Pour finir, évidemment le vert. Celui, paisible et frais, des forêts de fougères qu’il prête à Ales Stenar d’Yves Bonnefoy, à Aimance d’Abdelkébir Khatibi et qu’il appose sur ses propres Paysages à revers. Ces motifs végétaux accompagnent une bonne partie des ouvrages disposés dans l’exposition, faisant néanmoins varier les formes : de la plante solitaire qui accompagne un sonnet de Pétrarque – dans l’anthologie traduite par Yves Bonnefoy, Je vois sans yeux et sans bouche je crie – à la fougère de Semper dolens, qui se déploie dans un vert profond et aquatique et semble danser sur la page comme une algue.

Enfin, une dernière vitrine présente quelques livres précieux et rares aux formats parfois inhabituels, comme le petit accordéon peint à seize faces intitulé Légendes.

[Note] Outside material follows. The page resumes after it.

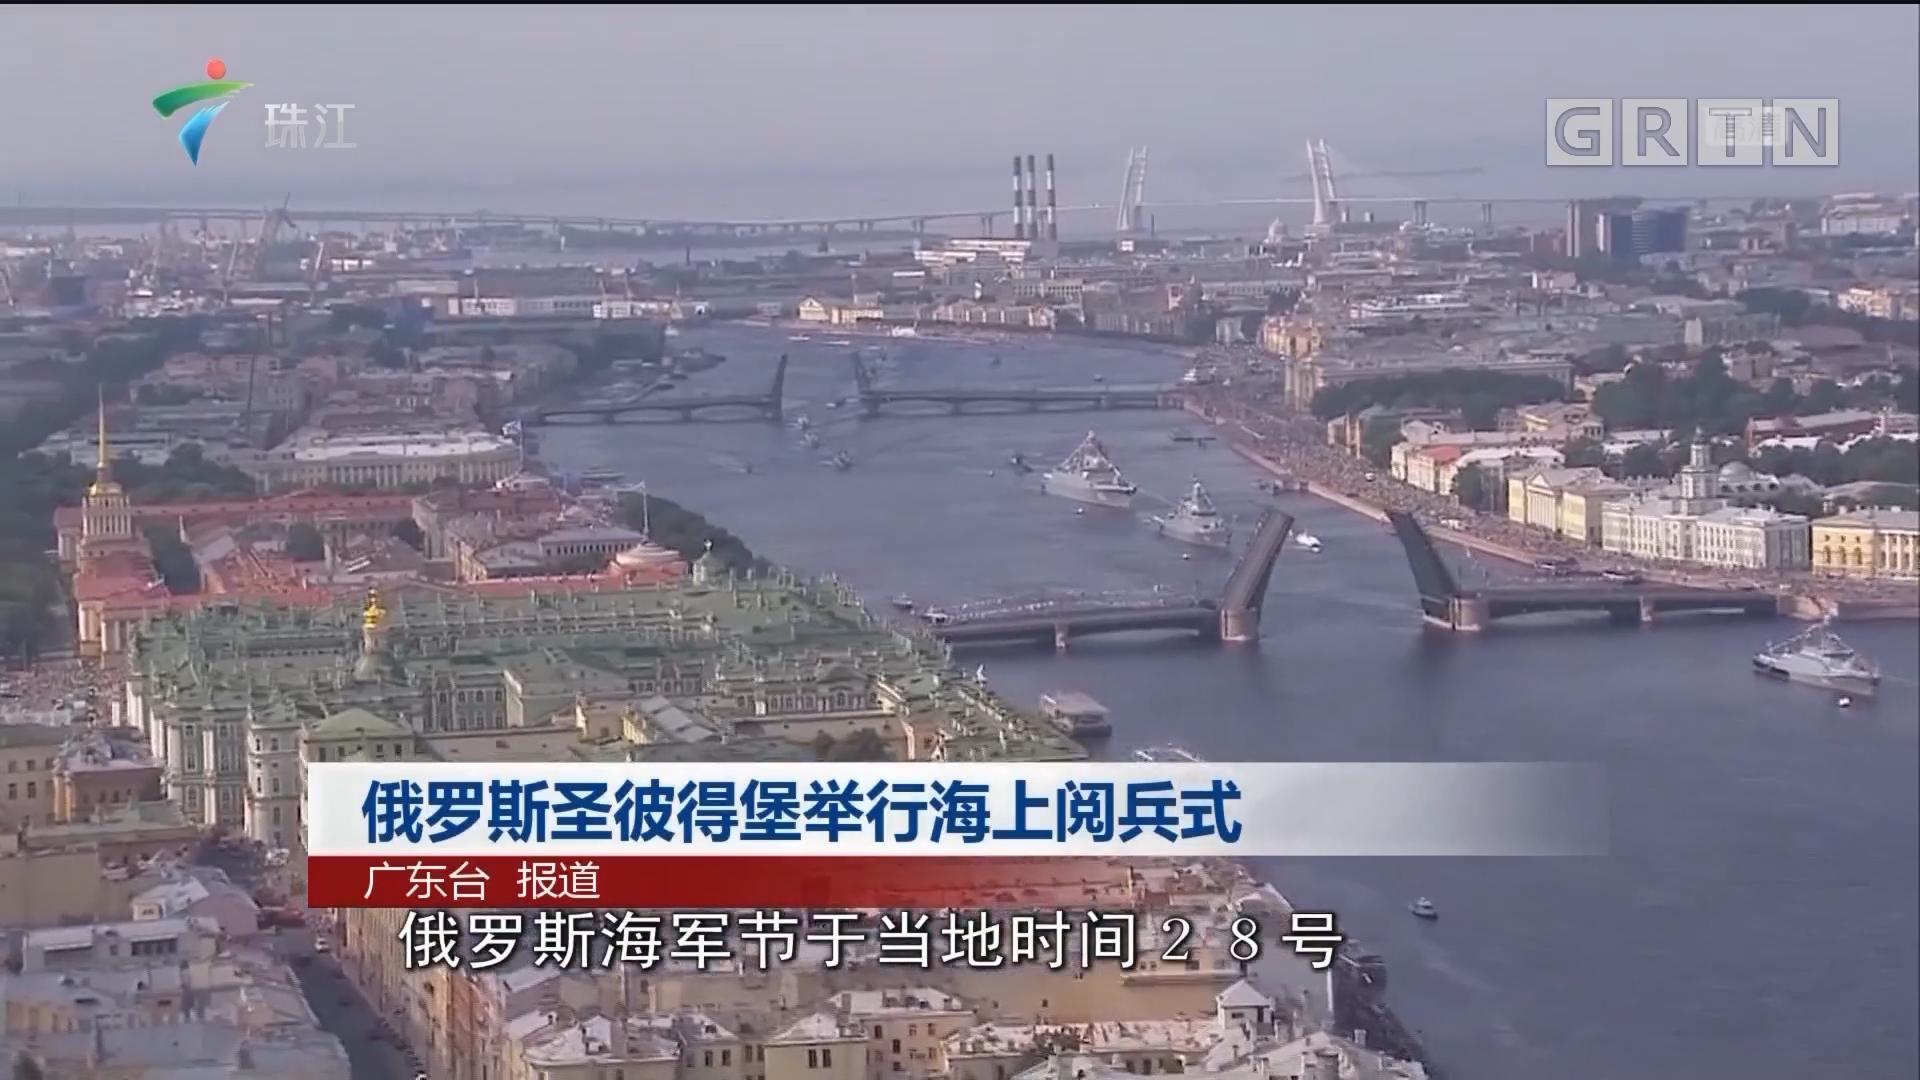 俄羅斯圣彼得堡舉行海上閱兵式

Le chemin se termine donc avec des touches d’un bleu abyssal et irisé sur les pages du recueil de Titus-Carmel, Horizon d’attente, et dans L’Après-midi à Ugarit de Salah Stétié.

Cette question du cheminement dans la couleur était précisément la première adressée par Jérôme Thélot à Gérard Titus-Carmel lors de la rencontre « De vive voix » du 23 novembre 2023. Jérôme Thélot, revenant à sa découverte de l’œuvre de Titus-Carmel lors de l’exposition qui lui fut consacrée au Centre Beaubourg en 1978, remarquait la distance parcourue par l’artiste au fil de sa carrière : l’œuvre de jeunesse, noire, sombre, les « abstractions d’objets qui n’en sont pas », cède aujourd’hui devant le plein de la couleur, ses nuances, ses évocations, sa matérialité – sa sensualité même. L’occasion pour Gérard Titus-Carmel de revenir sur son initiation aux images, et de nous confier qu’elles ont toujours été présentes à lui dans le voisinage des mots de la littérature. D’abord, le jaune et les couleurs vives des livres de poche, découverte tardive au hasard d’une librairie et qui deviendrait bien vite une passion : les paysages imaginaires de Faulkner, dans Le Bruit et la Fureur, et de Gogol avec Les Ames mortes, manifestant l’évidence d’une carrière à venir qui consisterait à travailler les formes et la matière, à composer des images. S’ensuivent les premières expériences picturales : les premiers essais à la peinture Cobra, les visites au Musée du Louvre, puis au Musée d’Art moderne, la révélation du surréalisme à travers les tableaux de Francis Picabia, Max Ernst et Yves Tanguy, la peur d’être « trahi » par cet art dont il s’est pris à soupçonner l’obsolescence, et quelques échanges parfois cocasses avec André Breton. Gérard Titus-Carmel a surtout saisi ces questions pour revenir sur l’évolution de ses goûts et l’ajout, au fil du temps et des œuvres, de nouvelles influences. Il a notamment confié avoir commencé par douter, dans sa jeunesse, de la franchise de ce qu’il estimait être les agents d’un « bon goût français » – Matisse, Valéry, Ravel – le doute se dissipant et se reformant finalement en une solide admiration, une impression de fraternité artistique.